CS Communi-tea hour: A relief during the Pandemic

By Fizza Hassan, Staff Writer

A year has passed since the world went into an emergency lockdown suspending all forms of in-person communication for an indefinite period of time.

Realizing the impact of this mental health, Elizabeth Gonzalez, computer science undergraduate academic adviser, came up with the idea of hosting weekly Zoom hangout sessions called the ‘SOS Communi-Tea.’ This event has been serving as an outlet for computer science students to destress by connecting with each other through light discussions and games over a cup of tea.

Gonzalez said it provided the “opportunity to socialize, connect and network as new students get to share a common thread with the seniors who guide them on various platforms. Students want to hear from someone who has navigated through the years. It is a place where I have seen relationships begin.”

Running for a consecutive third semester this Spring, the social hangout values mental health as one of its core principles.

“We have a partnership with some of the RSO leaderships within our CS community that work in collaboration with us,” Gonzalez  said.

Melissa Chen, a junior in Engineering and member of the computer science mental health community, has been attending the social hours since April last year.

“We have been conversing with Ms. Gonzalez to help student’s mental health,” Chen said. “She reached out to the student organization and specifically asked us to attend.”

Chen said that she also admires the fact that she was able to hear the class experiences of other CS students during the sessions.

Omar Khan, a senior in Engineering, attended the Fall 2020 and Spring 2021 sessions.

He said, “It’s a great way for the CS department students to get together, talk, interact, get to know one another and really have space to destress after a long week and stay in touch with people.”

The participation fluctuates depending upon the time of the semester. It increases during the middle of the semester when pressure builds up and students need a social timeout.

“After being alone for an extended period of time and then talking to people, having that extensive routine normality back in your life definitely helps in these difficult times” Khan said.

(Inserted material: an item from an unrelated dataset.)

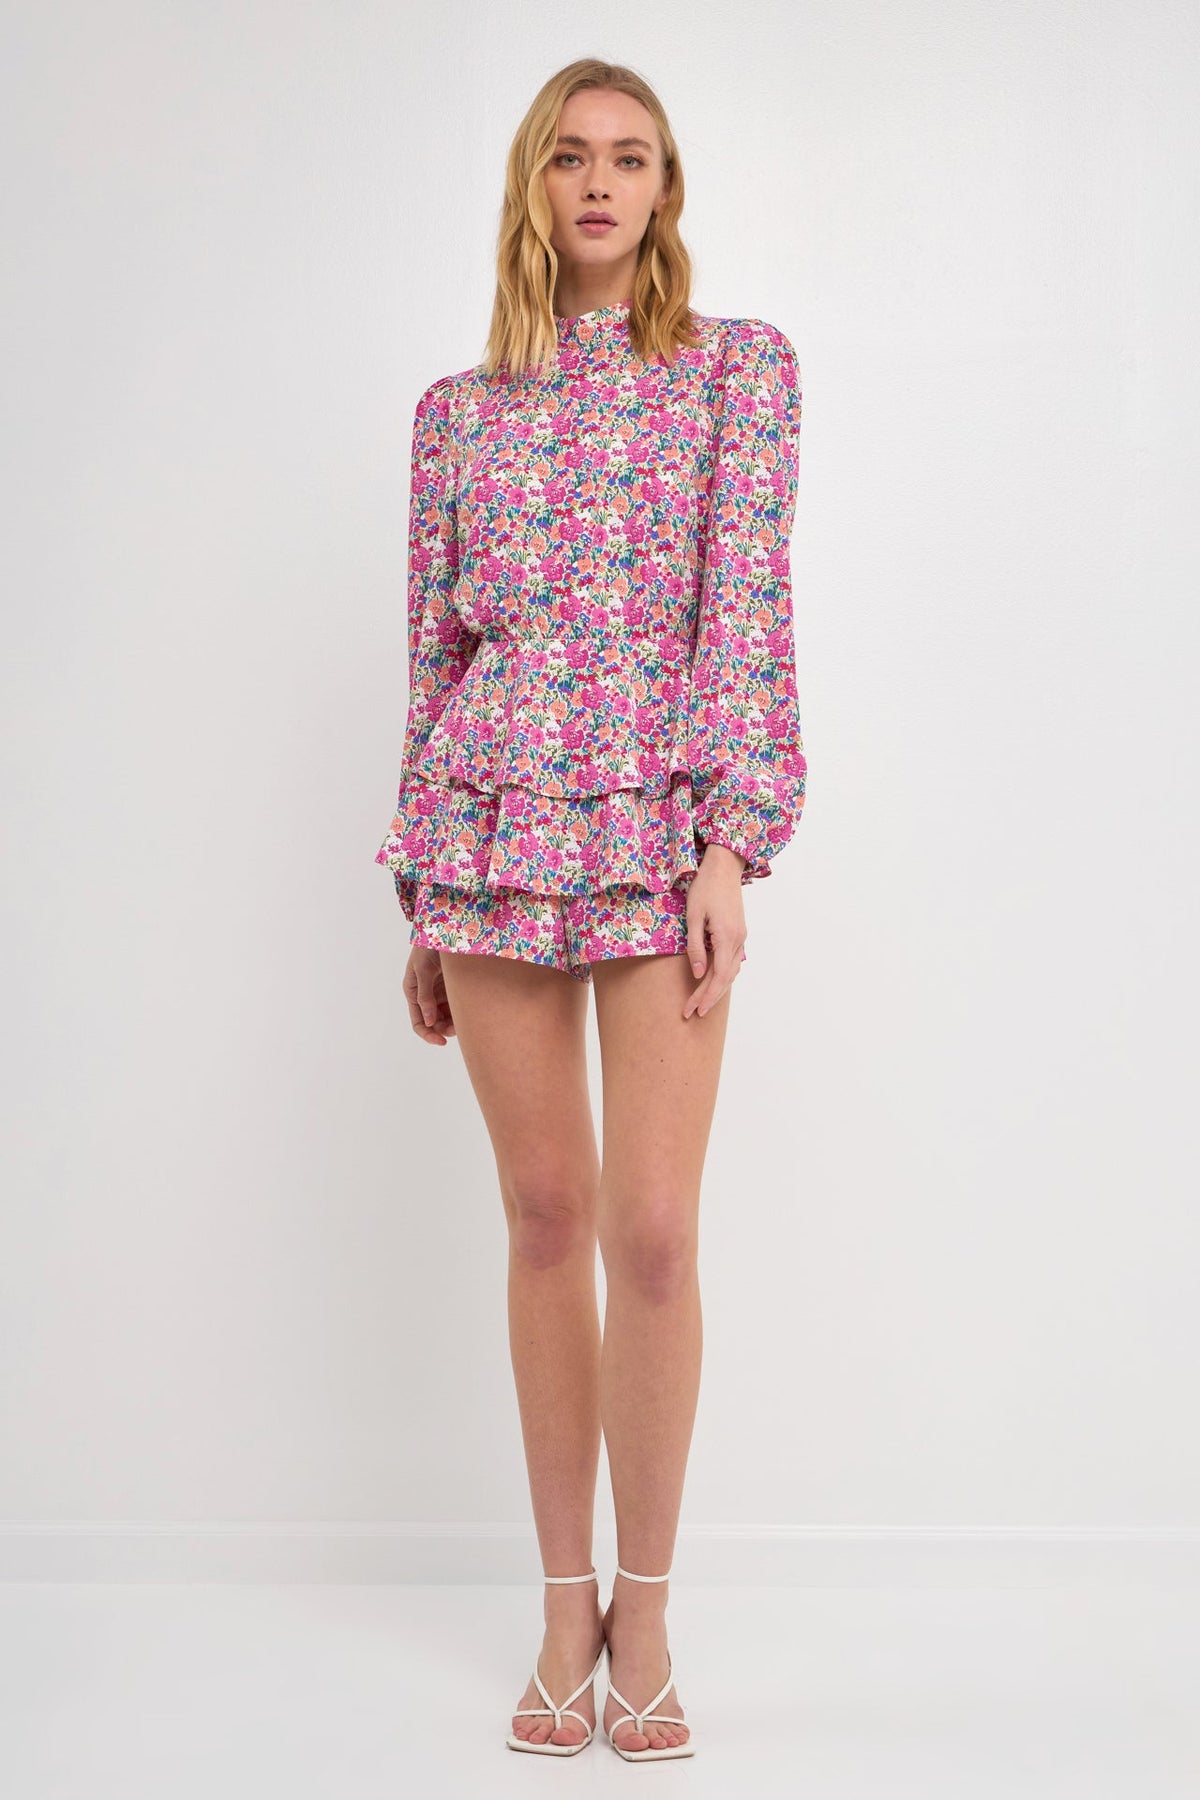 ENDLESS ROSE - Floral Garden Open Back Romper - ROMPERS available at Objectrare

The discussions are flexible and guided by students with topics ranging from academics, change in classes, recommended to-do things on campus, places to be, video games and more.

“Ms. Gonzalez would come up with creative ways to have conversation starters or introduce a jeopardy board. We talked about common interests, experiences, even the weather. It is such a disparate group of people, most of us would never have run into each other otherwise,” Melissa said.

Students who keep returning to these sessions said the sessions helped them find their way back to normality.

“International students from China, India, Singapore also join us on occasions. Students who come back or see us few times in a semester, it is still meaningful for them to attend,” Gonzalez said.

Khan said since it’s all CS students, people are more inclined to talk to one another. He wanted to help cultivate this social atmosphere because he knew how it felt to not have people to talk to.

“During these meetings, I got the chance to meet new people that normally I wouldn’t have hung out with and I really enjoyed the opportunity,” Chen said.